MacArthur established a secular state based on a new constitution (1947) which the present PM Abe, a right wing nationalist asshole, who wants to beat down the MacArthur constitution. Established police departments.
Dismantled the arms industry--made Japan a pacifist state. Revised the out-of-date Shinto-based systems which only required six years of schooling. Established vocational, technical and university level schooling.
Established government by law--not men. An important component of democracy. MacArthur ruled through the Diet, cabinet and The Emperor, adding multiple advisers to the aforementioned--an example of indirect democracy. Created Article 9 in the constitution, preventing Japan from ever becoming a military state. Established free press. Established women's rights! Removed The Emperor from a divine status, in effect, humanizing him. Sent the Emperor on "hat tipping tours" to meet the hoi polloi--i.e., the common folk. Established labor unions. Life expectancy was
raised during The General's rule. 69 for men and 74 for women.”

Virginia Gentleman: What was Truman’s reason for firing MacArthur?

John Taylor: “Truman hated The General on a personal level. Called him a prima donna, a brass hat and a son-of-a-bitch. MacArthur had no respect for Truman as he felt Truman was unfit and beneath him. Truman had no college degree and was a country bumpkin. The General technically violated the Constitution by denouncing Truman policies vis-à-vis China. The constitution says the military is under civilian rule and the President is the Commander-in-chief. MacArthur wanted to bomb the Chinese sanctuaries along the Yalu river. "No substitute for victory"was his mantra. Truman and the JCS (Joint Chiefs of Staff) felt MacArthur would start WWIII--which was pure nonsense. The JCS also hated the General.”

Virginia Gentleman: The Japanese people seem today like a peace loving people, yet committed incredible atrocities during World War II. What are some of the reasons for the rise of militarism in Japan in the 20’s?

John Taylor: "The Spirit Of Bushido"--history of the warrior code--The Samurai! Japan ruled for centuries by
the Tokugawa Shoguns. During WWII, General Hideki Tojo ran the show--not The Emperor. But Hirohito gave imperial sanction to the war crimes--i.e., beheading American flyboys. The Japanese are used to regimentation. I.e., group rule and structure of the society.”

Virginia Gentleman: At the end of your book you say that people tend to become more understanding and forgiving, as they grow older. What are some good historical examples of that?

John Taylor: “Former President George H.W. Bush was present at the funeral of the Emperor in 1989. Bush attended the December 7, 1991 Pearl Harbor memorial with Japanese and American vets in the audience. He said: "I hold no rancor in my heart for my former enemy." Remember this: Bush was shot down by a Japanese zero during WWII.”
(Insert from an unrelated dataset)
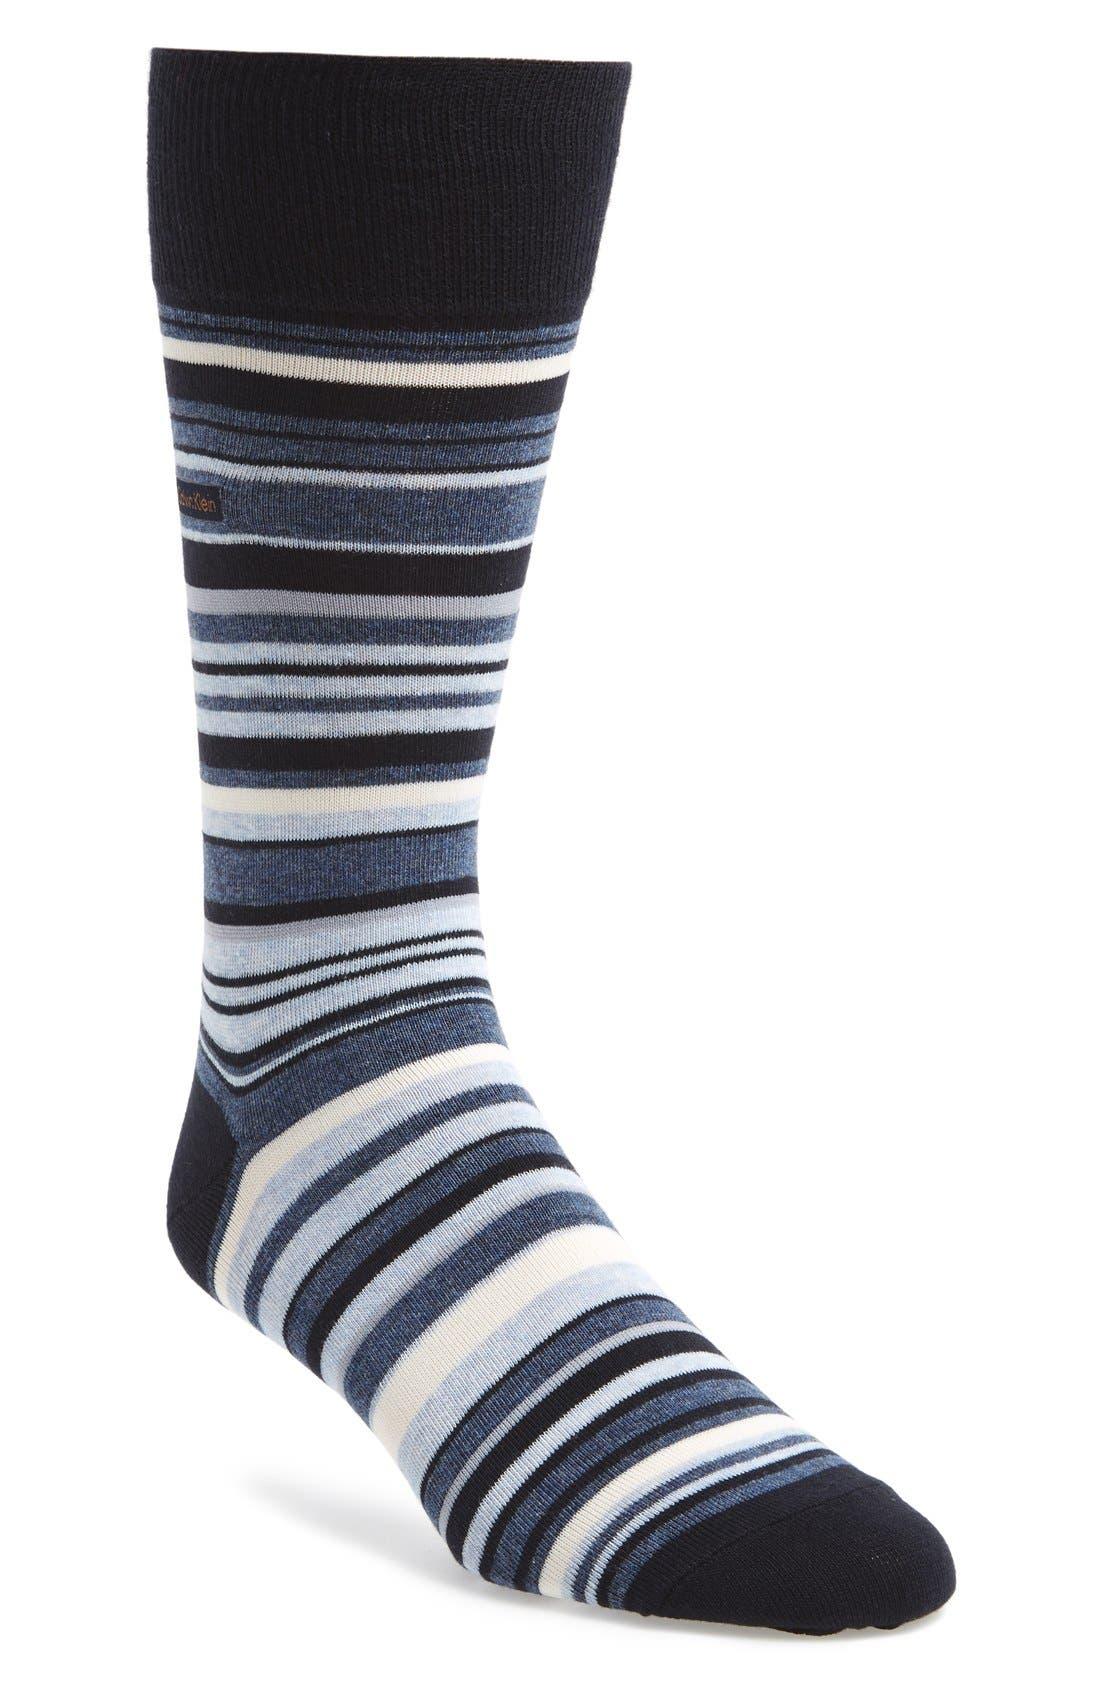 CALVIN KLEIN, Multistripe Emblem Socks, Main thumbnail 1, color, NAVY/ DENIM HEATHER
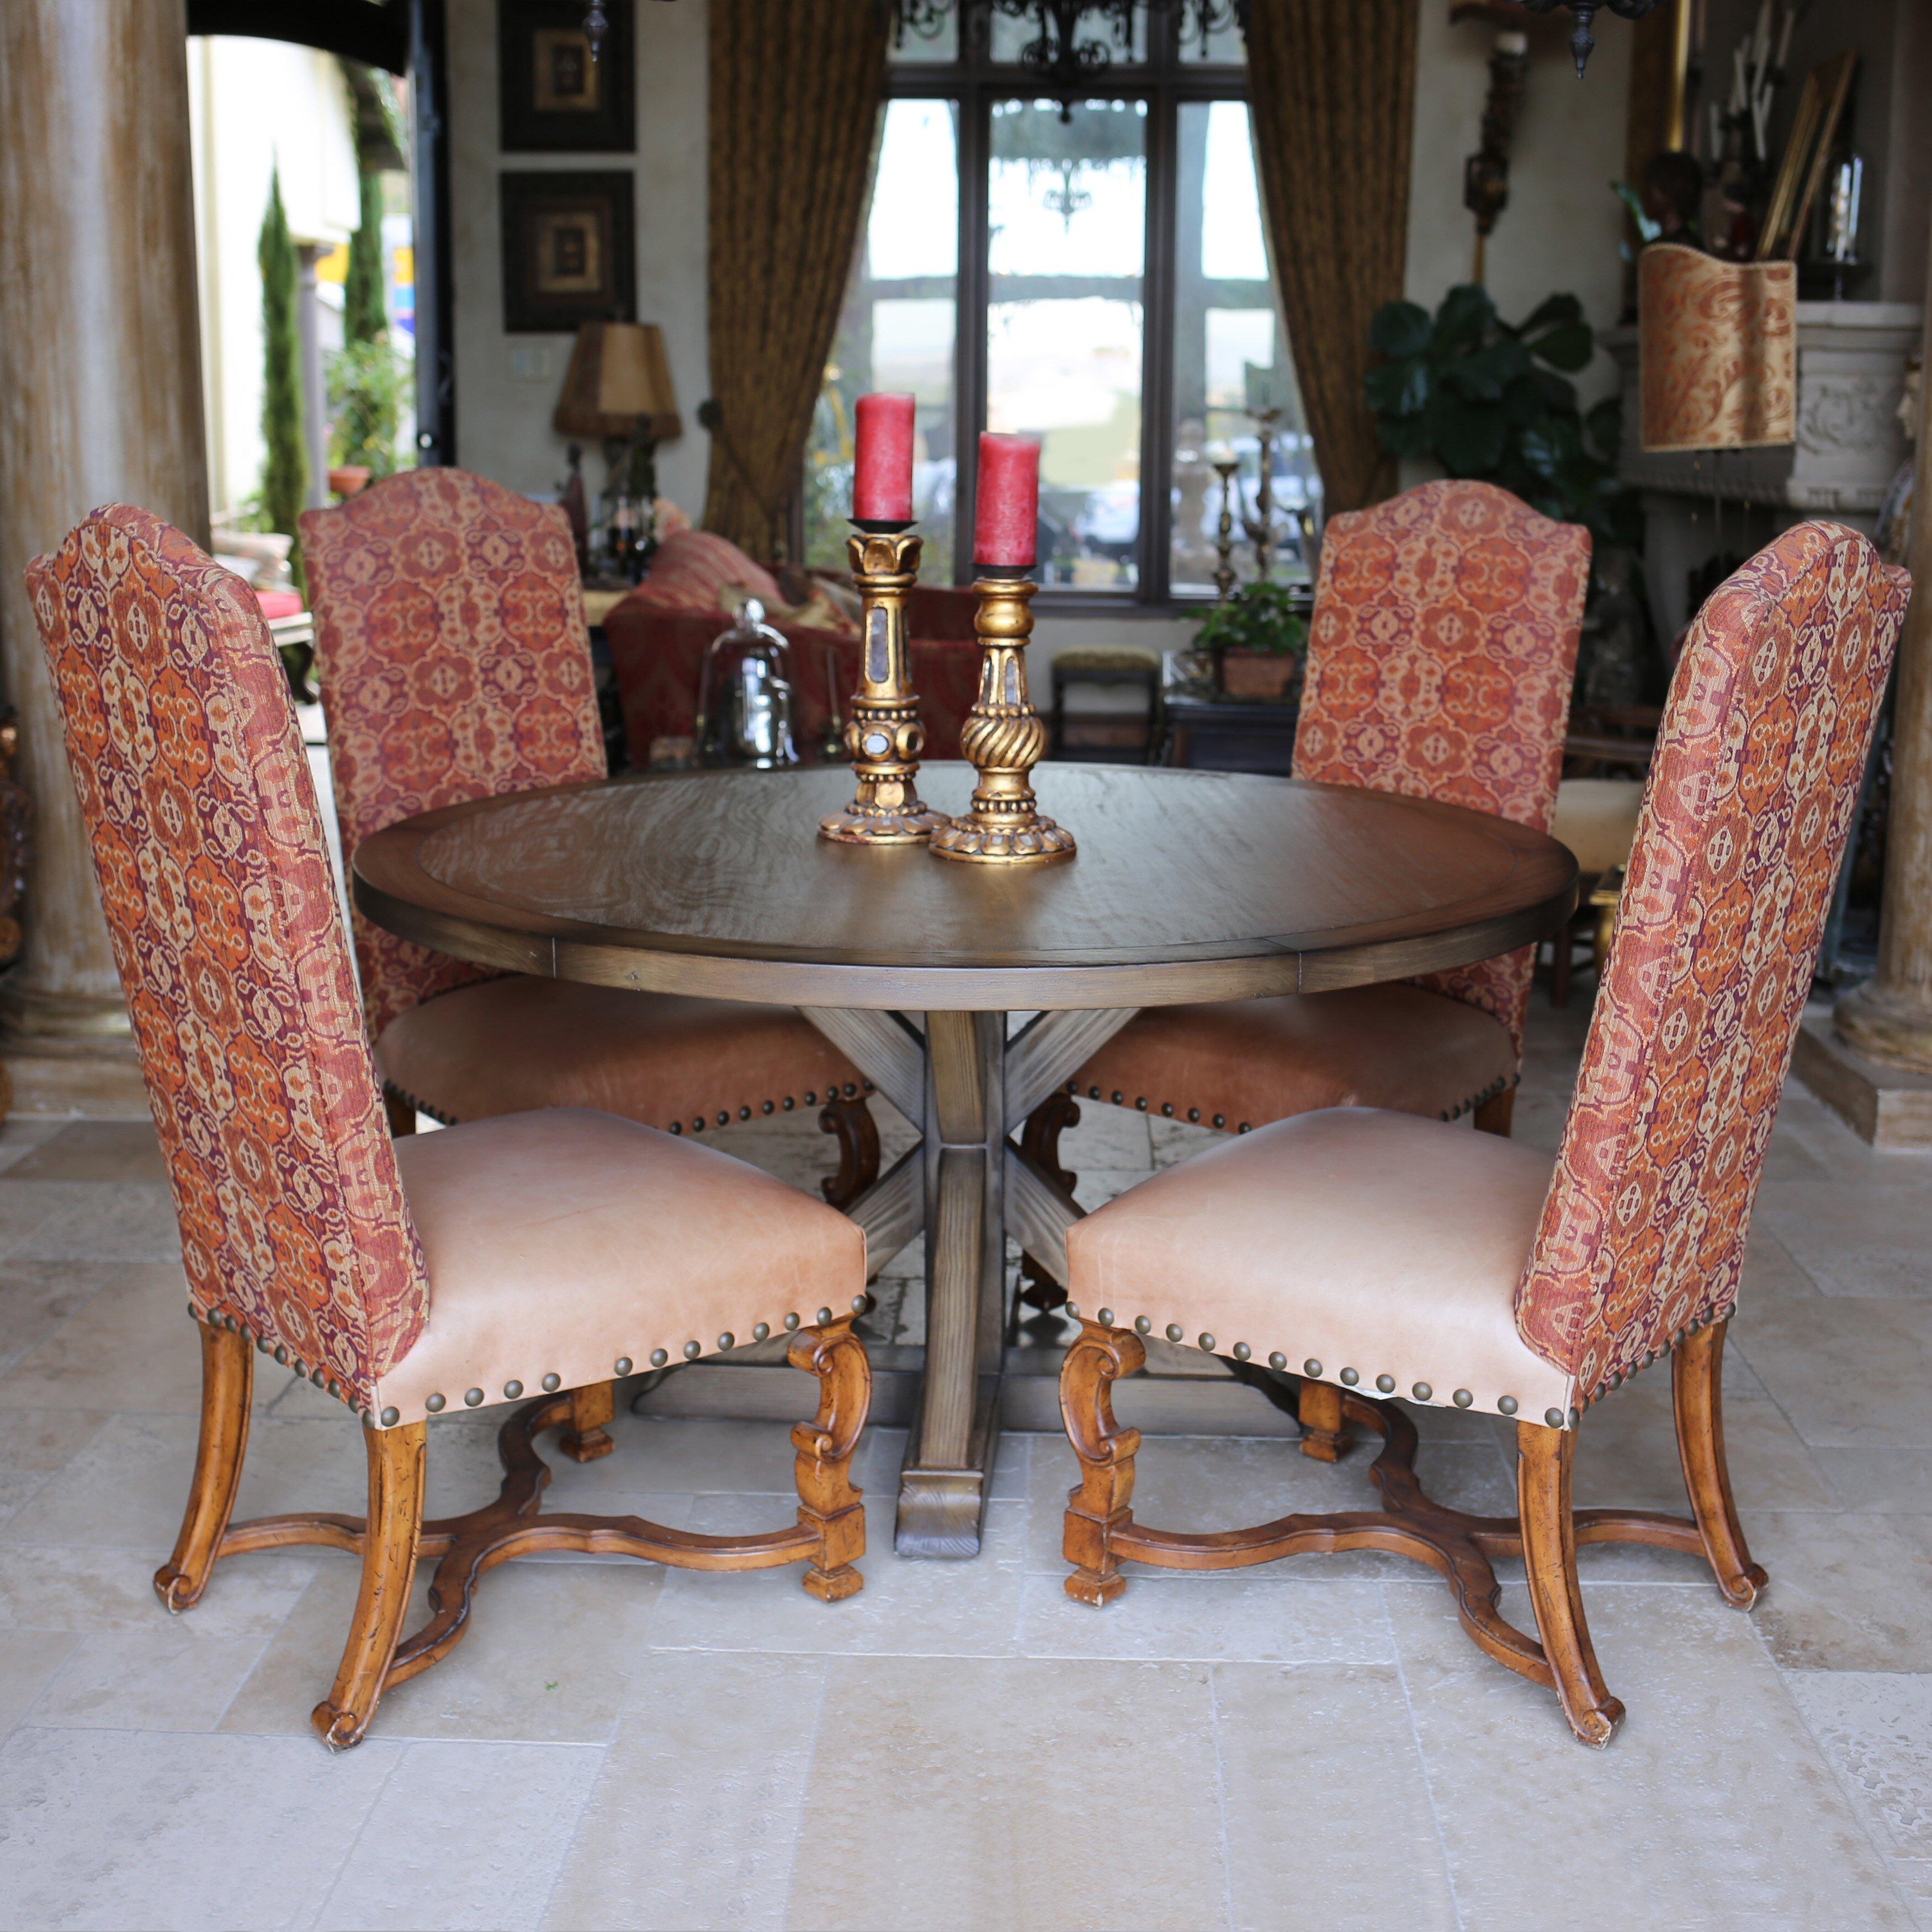 Kovethospitality Larue Reclaimed Wood Round Dining Table Reviews. Modus Portland Solid Wood Round Dining Table Medium Walnut Wood

Virginia Gentleman: What do the Japanese think of Douglas MacArthur today?

John Taylor:
“Very good query. I hear nothing on Japanese public TV (NHK) or from the American press as talking points on TV and radio vis-à-vis MacArthur's framing of modern Japan. This energizes short sidedness, was (and is) a big time motivation for my story. I want the world in general and America and Japan in particular to recognize what the General did for this geopolitical friend in Asia!”